§ COLLECTED DATA:
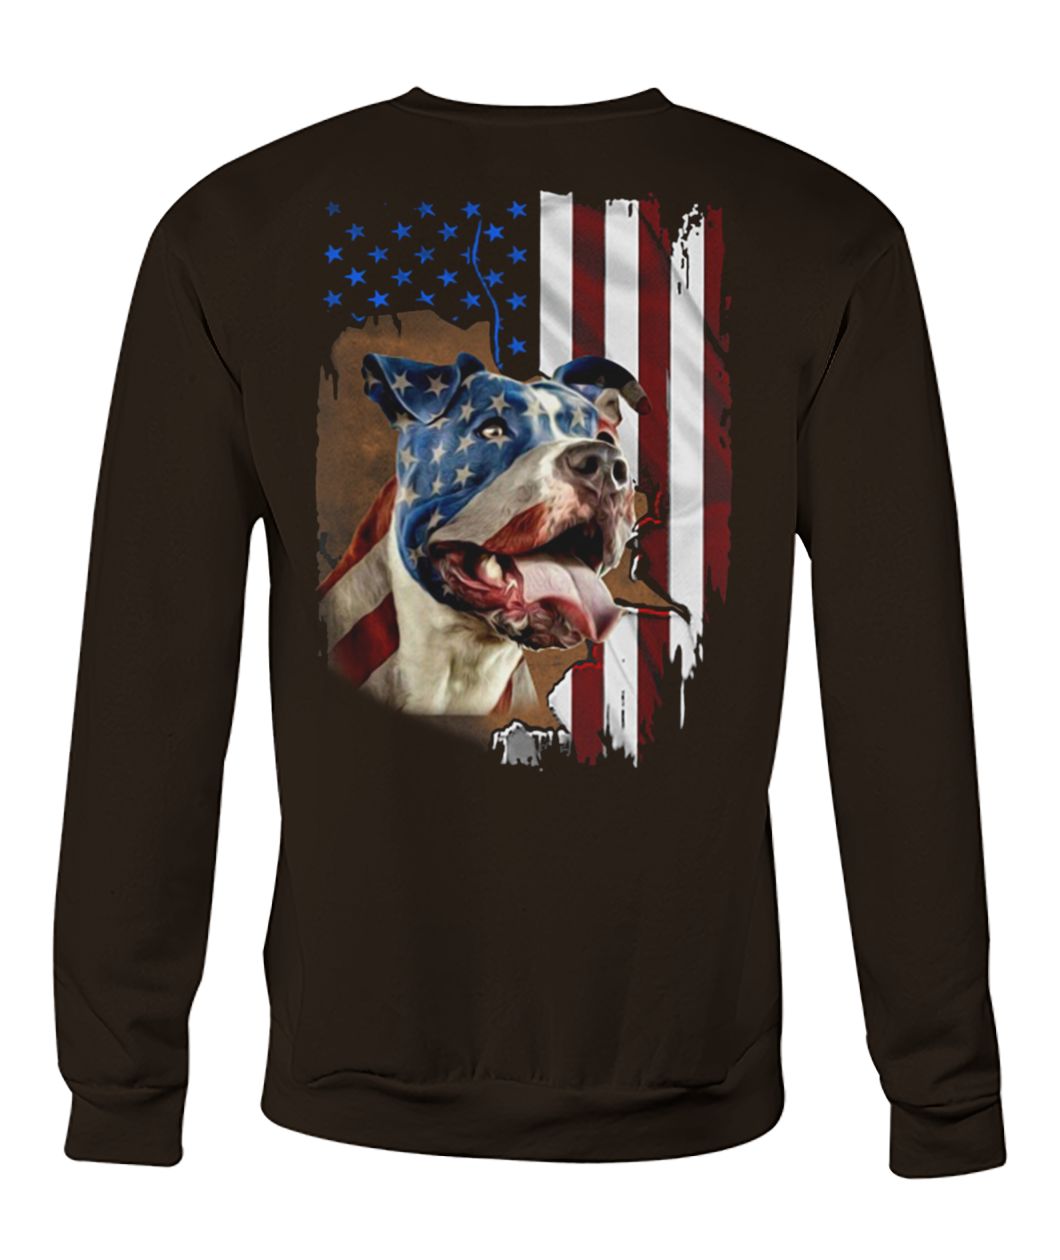 Independence day american flag pitbull crew neck sweatshirt
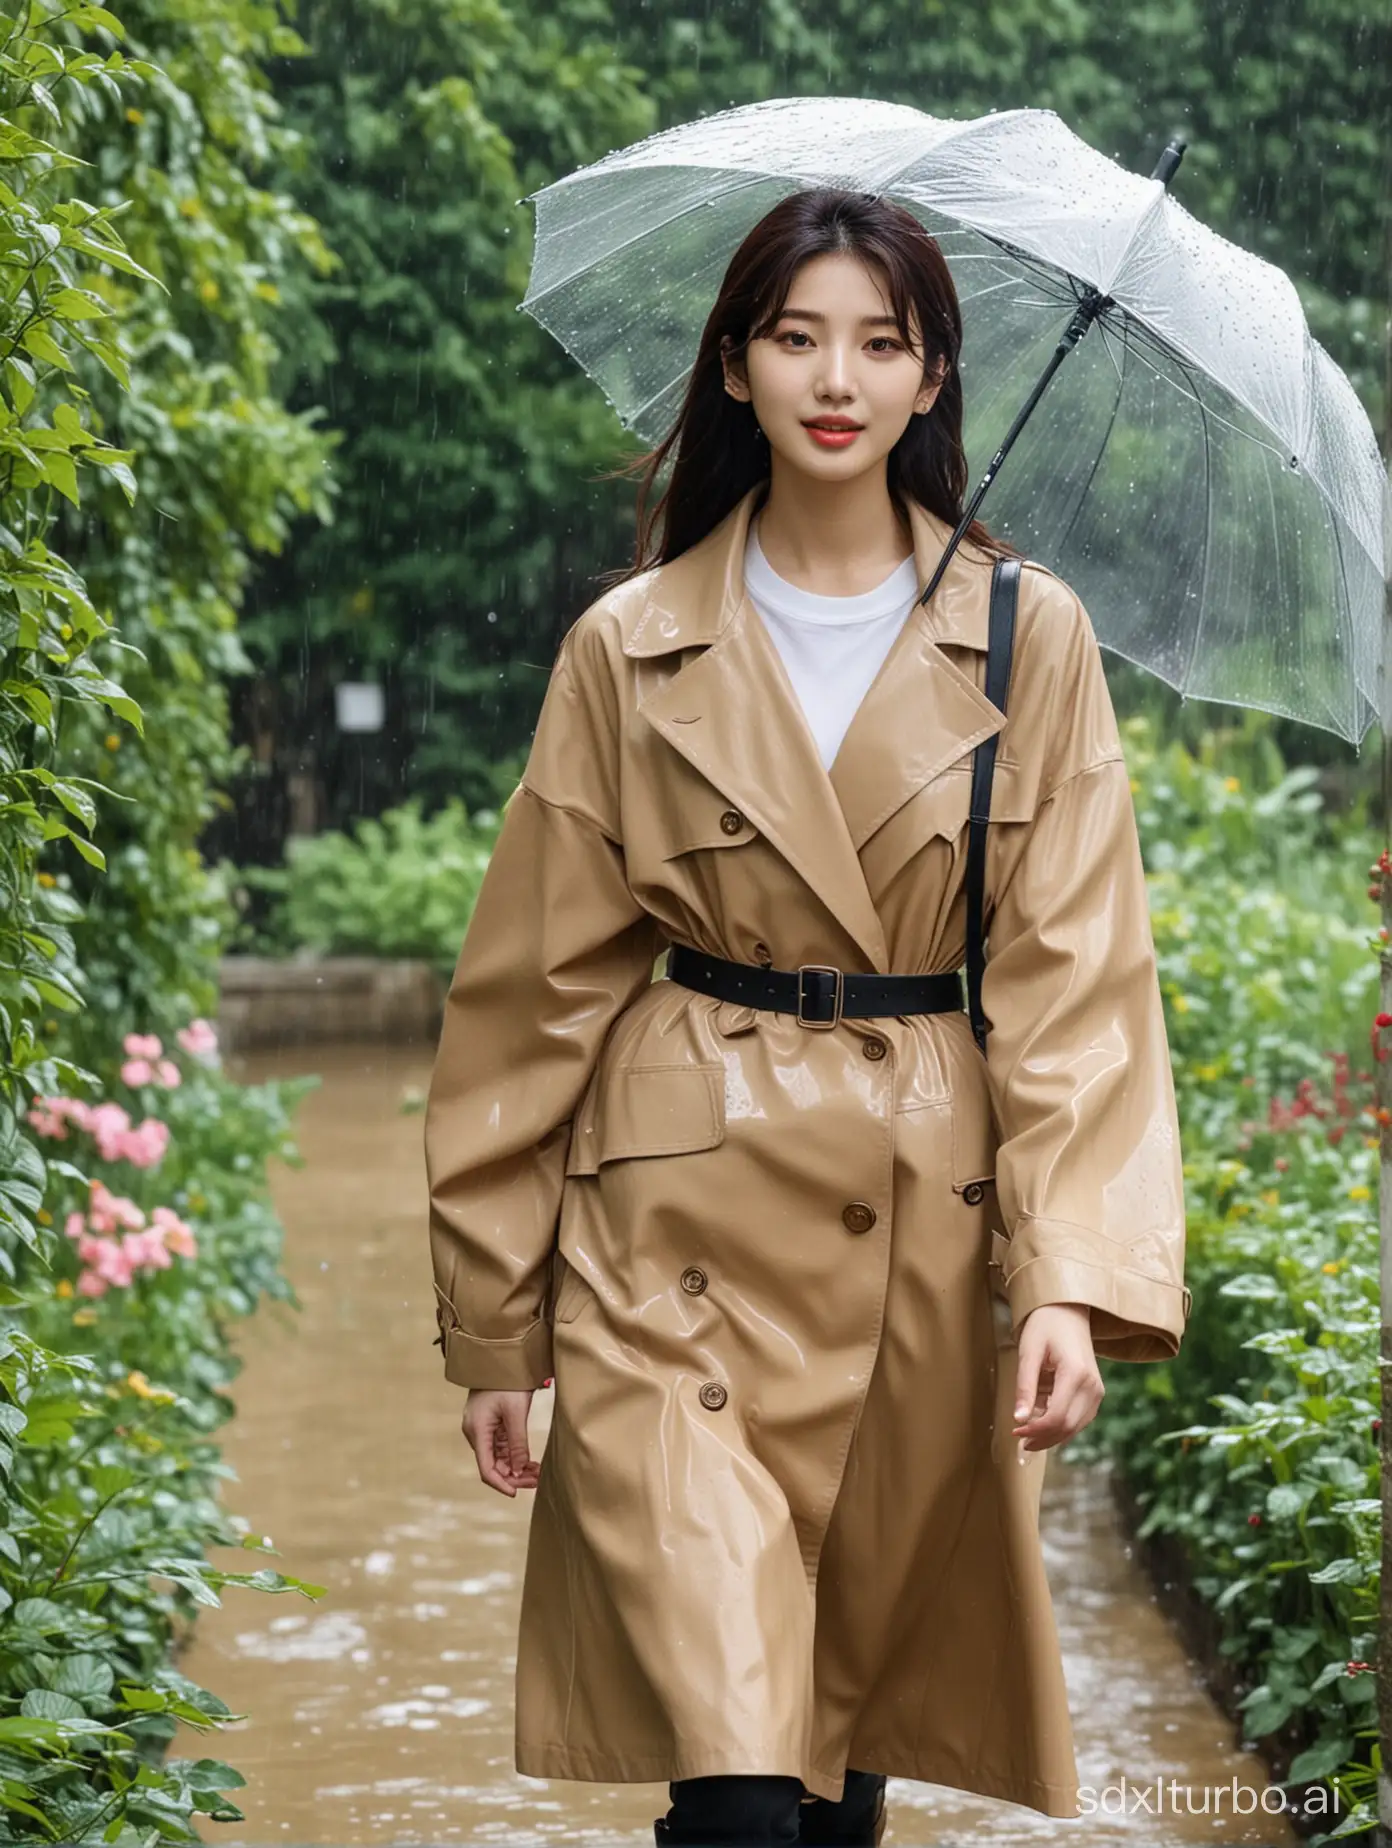 Elegant-Bae-Suzy-Strolling-Amidst-Rainy-Garden-Serenity
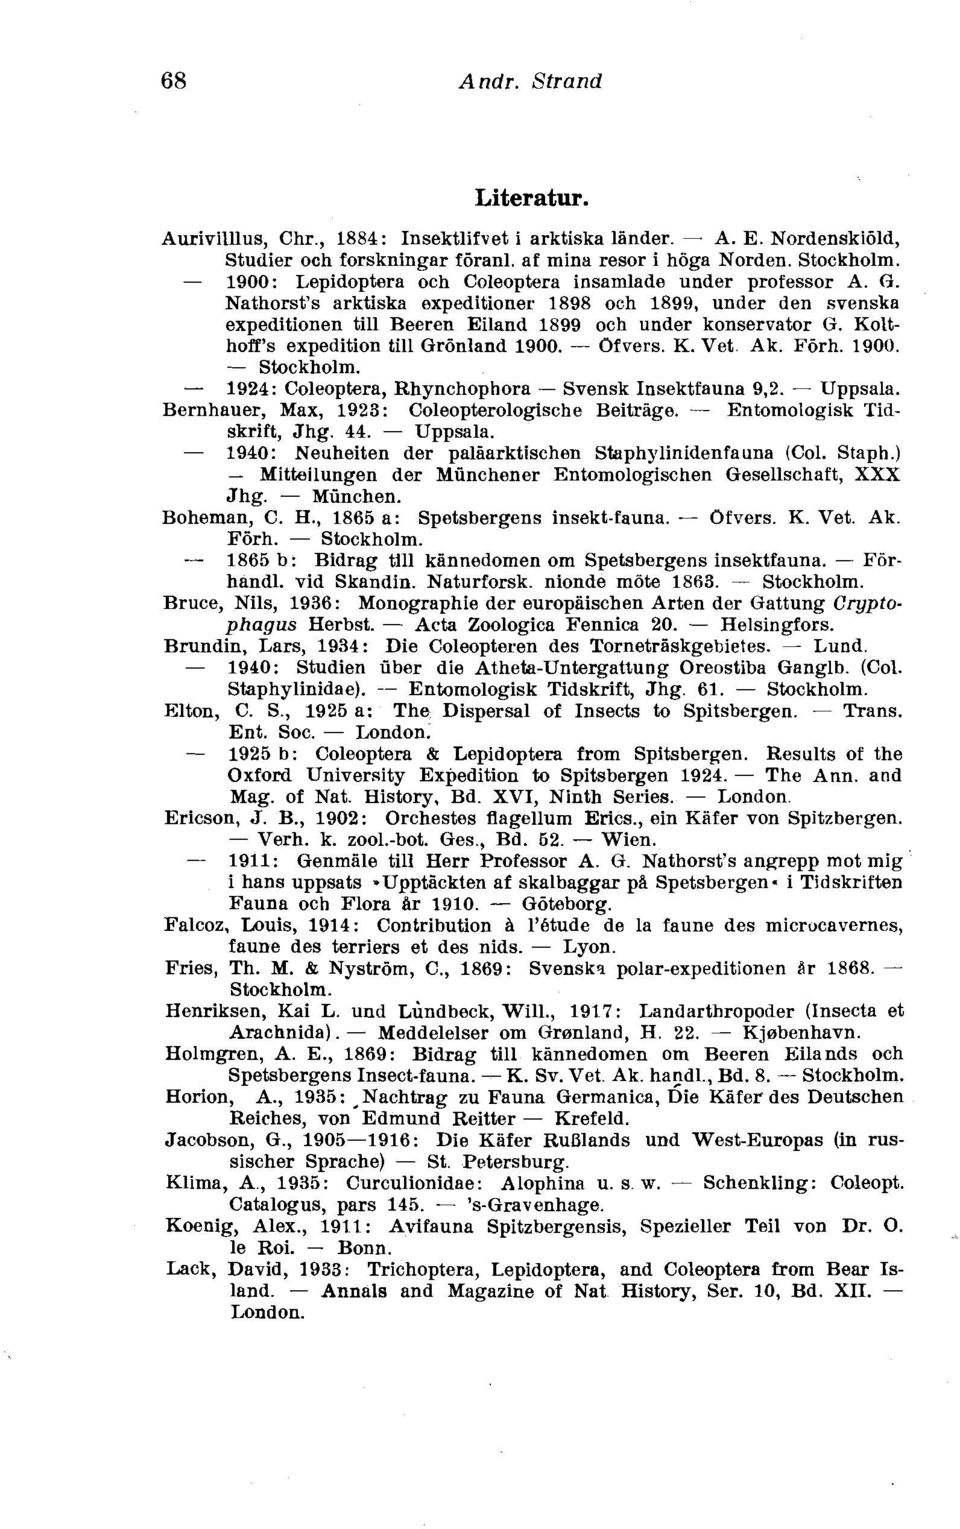 Kolthoff's expedition till Grdnland 19. - Ofvers. K. Vet Ak. Fbrh. 19. - Stockholm. - 1924: Coleoptera, Rhynchophora - Svensk Insektfauna 9,2. - Uppsala.

§ WORK REQUIRED:
The listing must be returned in full and exactly, apart from its pictures.

§ RESPONSE TO THE TASK:
 Independence day american flag pitbull crew neck sweatshirt
 Elegant-Bae-Suzy-Strolling-Amidst-Rainy-Garden-Serenity
 Kolthoff's expedition till Grdnland 19. - Ofvers. K. Vet Ak. Fbrh. 19. - Stockholm. - 1924: Coleoptera, Rhynchophora - Svensk Insektfauna 9,2. - Uppsala.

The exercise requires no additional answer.